Patricia and Vaughan are a thirty-something couple that I worked with during this past year in couples therapy. Patricia initially described Vaughan as unresponsive, "He's low-key to a fault - except when he gets angry," she said.

Vaughan acknowledged having difficulty talking about his feelings and told me that he was often unaware of what he was feeling.

As a matter of fact, the first times I asked him how he felt being in my office he commented on the temperature in the room.

Patricia felt blindsided by his outbursts and was growing increasingly resentful.

Older paradigm: Treat Vaughan as a person primarily in need of anger management techniques. Primary goal would be to shut down his explosive temper. This work would include fostering greater awareness of internal and external triggers that precede his outbursts. A focus on the anger and his history with the issue of anger in his family, and life experience would be pursued.
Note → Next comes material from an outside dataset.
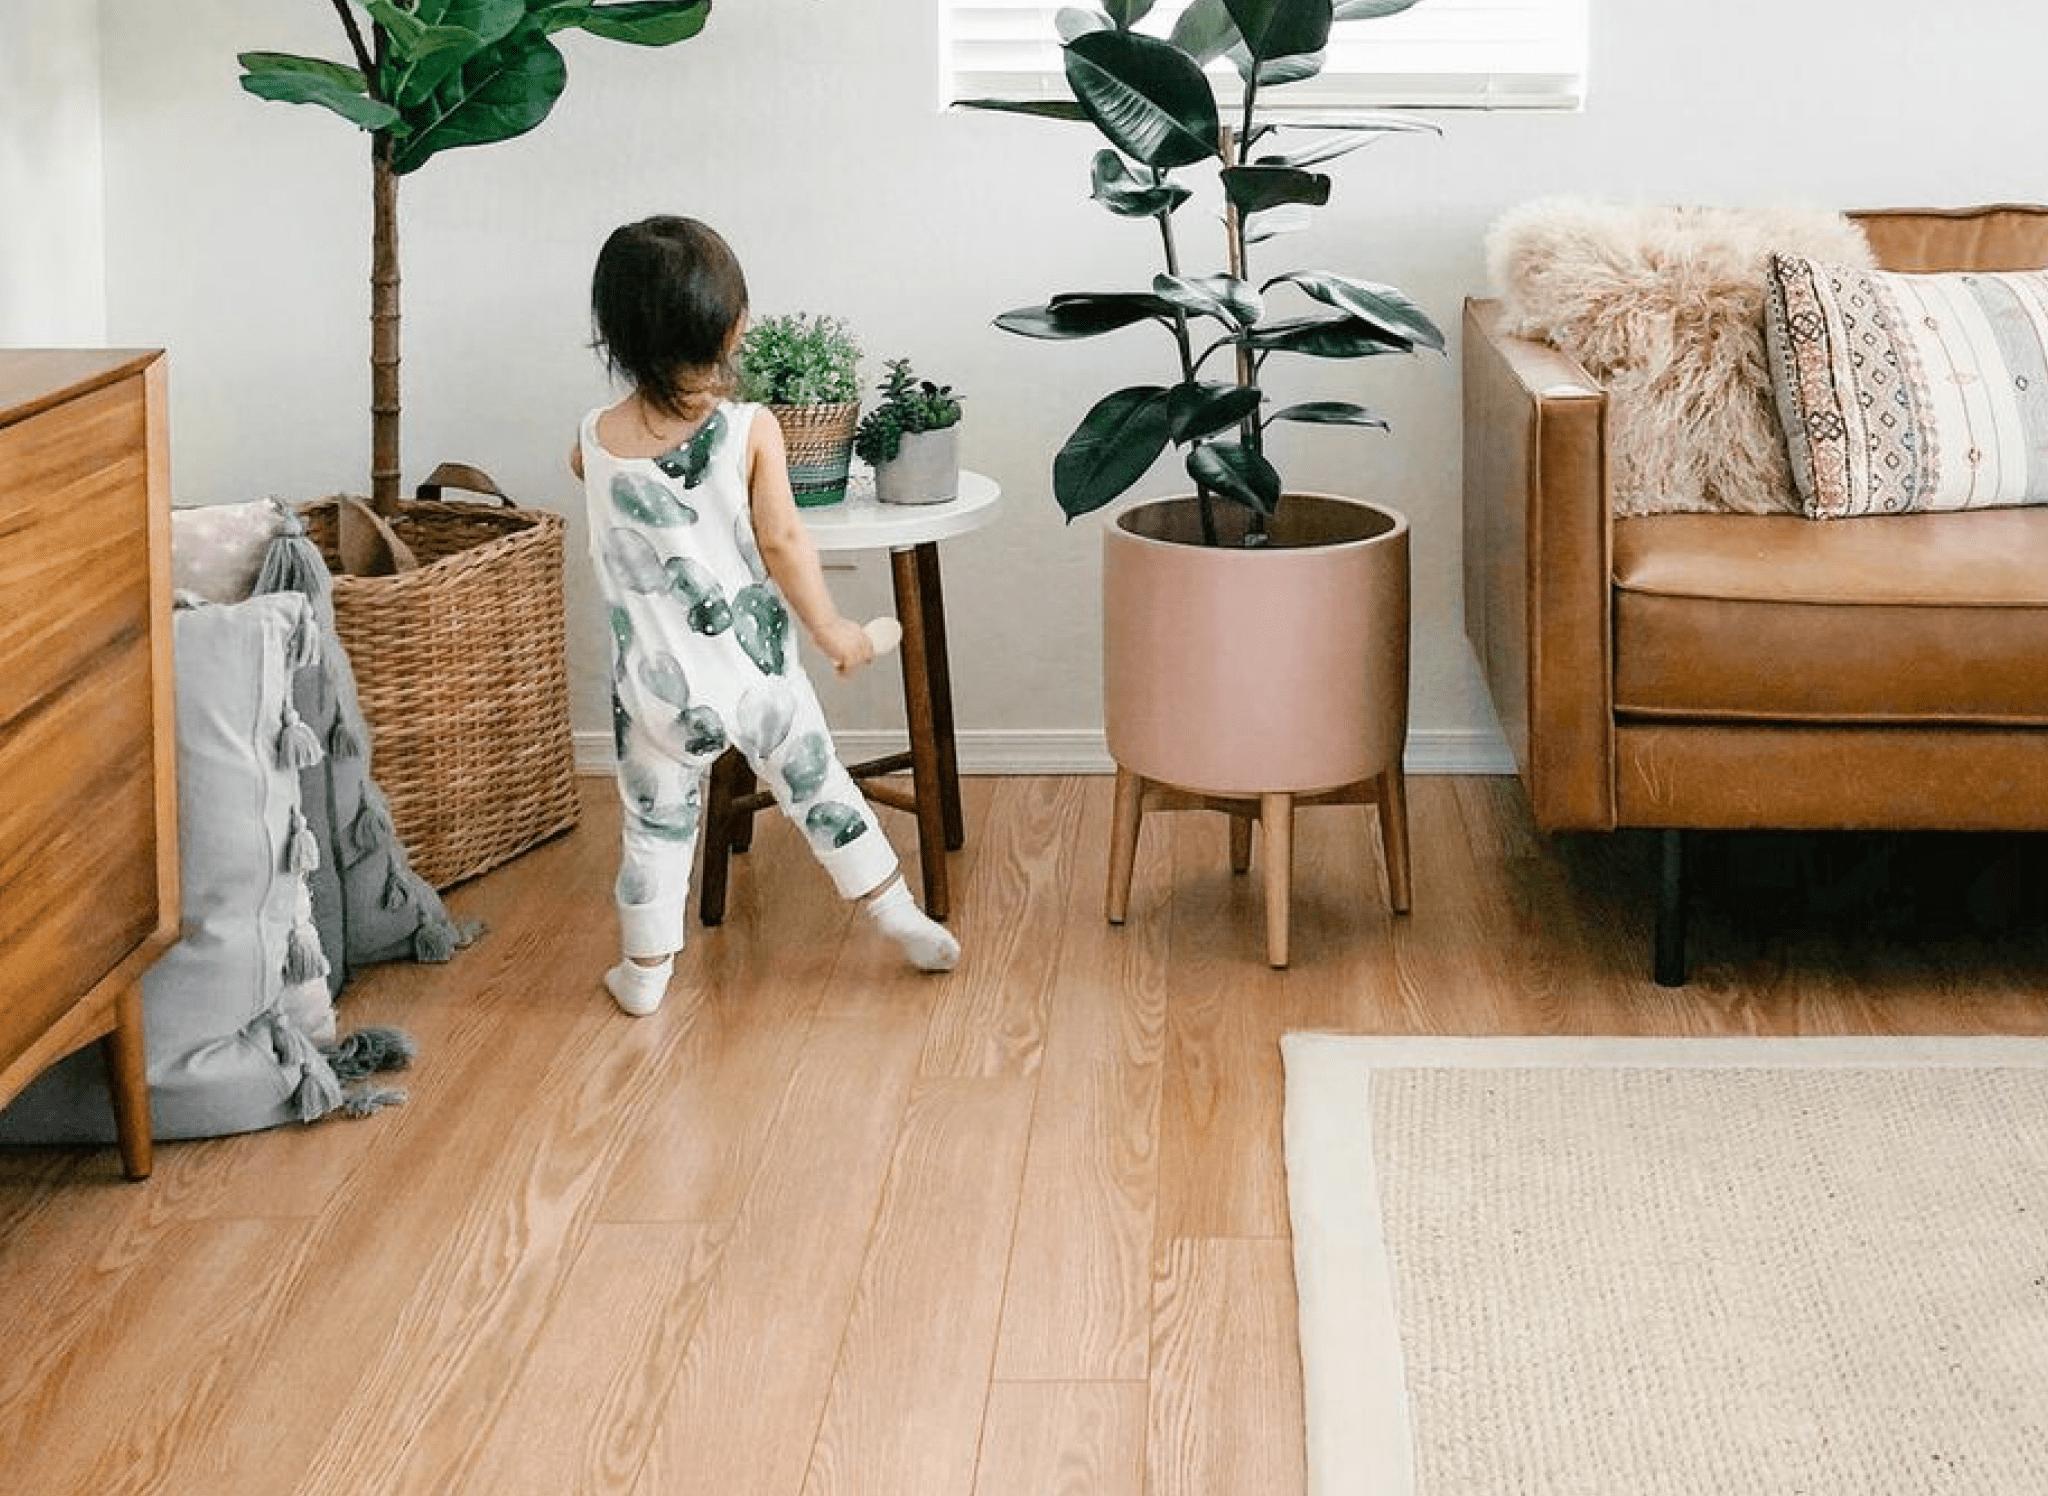 child walking on hardwood laminate flooring in living room

Newer paradigm: Not to say that anger management techniques are not useful. They are and I have utilized techniques to help improve Vaughan's awareness of when his anger is mounting and how his handling of his anger affects him and his relationship with Patricia.

I also entertain a very different set of concerns with him.

He is the son of an emotionally distant father and lost his mother to cancer when he was a six years old. He associates putting trust in those closest to him with feelings of loss and loneliness. Given his history, fears of closeness with Patricia made sense. In fact, when he felt he was getting closer to her the closeness in itself might trigger anger because it stirred up fears of being abandoned or disappointed again.

It seemed to me that Vaughan's social engagement system had been chronically shut down.

I worked with him and Patricia to encourage a sense of emotional safety within him and by extension within the relationship.

Being able to talk about anger in a calm and non-accusatory way, for example, proved soothing and served to help Vaughan not just open up but to become less angry. Part of his anger had to do with feeling out of touch with himself. It is interesting to think about this in terms of his polyvagal functionality - with the social engagement subsystem down he was out of touch with his ability to invite or respond to the soothing connectedness he needed.

At the same time, Patricia brought in her own issues related to feeling shut down due to the chronic anger she had begun to feel because of stress with Vaughan and in her job situation.

The work is still in progress and at this point, both partners appear to be increasingly connected and loving towards one another.